Now there were torches instead of roses flaring in Tammy Kelly’s cheeks. She’d not meant to go so far, but now that she had—that they had, for if there was to be a fight, it was his fault as much as hers—she wouldn’t back away. Was damned if she would.

“Master’s Bible says queerin be a sin,” she told him righteously. “I’ve read it myself, so I have. Book of Leviticracks, Chapter Three, Verse—”

“And what do Leviticracks say about the sin of gluttony?” he enquired. “What do it say about a woman with tits as big as bolsters and an ass as big as a kitchen ta—”

“Never mind the size o’ my ass, you little cocksucker!”

“At least I can get a man,” he said sweetly, “and don’t have to lie abed with a dustclout—”

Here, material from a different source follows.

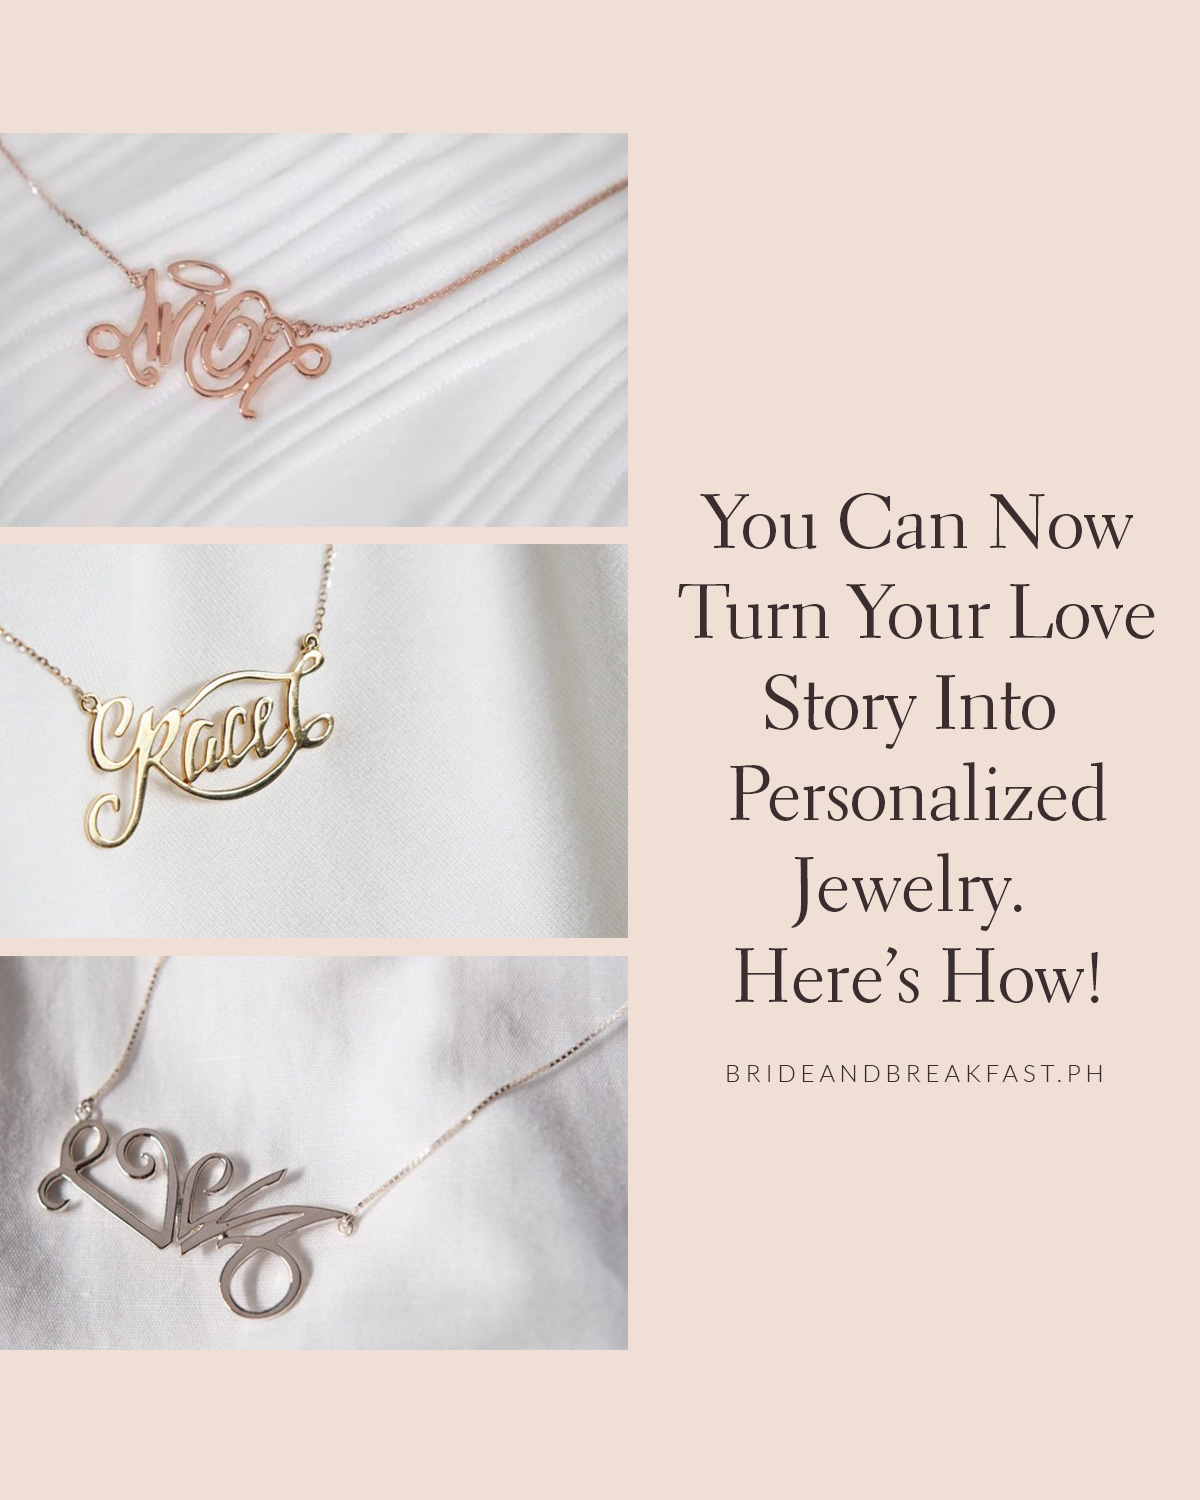 You Can Now Turn Your Love Story Into Personalized Jewelry. Here’s How!

“Don’t you dare!” she cried shrilly. “Shut your foul mouth before I shut it for you!”

“—to get rid of the cobwebs in my cunny so I can—”

“I’ll knock thy teeth out if thee doesn’t—”

“—finger my tired old pokeberry pie.” Then something which would offend her even more deeply occurred to him. “My tired, dirty old pokeberry pie!”

She balled her own fists, which were considerably bigger than his. “At least I’ve never—”

“Go no further, sai, I beg you.”

“—never had some man’s nasty old…nasty…old…”

She trailed off, looking puzzled, and sniffed the air. He sniffed it himself, and realized the aroma he was getting wasn’t new. He’d been smelling it almost since the argument started, but now it was stronger.

Tammy said, “Do you smell—”

“—smoke!” he finished, and they looked at each other with alarm, their argument forgotten perhaps only five seconds before it would have come to blows. Tammy’s eyes fixed on the sampler hung beside the stove. There were similar ones all over Algul Siento, because most of the buildings which made up the compound were wood. Old wood. WE ALL MUST WORK TOGETHER TO CREATE A FIRE-FREE ENVIRONMENT, it said.

Somewhere close by—in the back hallway—one of the still-working smoke detectors went off with a loud and frightening bray. Tammy hurried into the pantry to grab the fire-extinguisher in there.

“Get the one in the library!” she shouted, and Tassa ran to do it without a word of protest. Fire was the one thing they all feared.


Five


Gaskie o’ Tego, the Deputy Security Chief, was standing in the foyer of Feveral Hall, the dormitory directly behind Damli House, talking with James Cagney. Cagney was a redhaired can-toi who favored Western-style shirts and boots that added three inches to his actual five-foot-five. Both had clipboards and were discussing certain necessary changes in the following week’s Damli security. Six of the guards who’d been assigned to the second shift had come down with what Gangli, the compound doctor, said was a hume disease called “momps.” Sickness was common enough in Thunderclap—it was the air, as everyone knew, and the poisoned leavings of the old people—but it was ever inconvenient. Gangli said they were lucky there had never been an actual plague, like the Black Death or the Hot Shivers.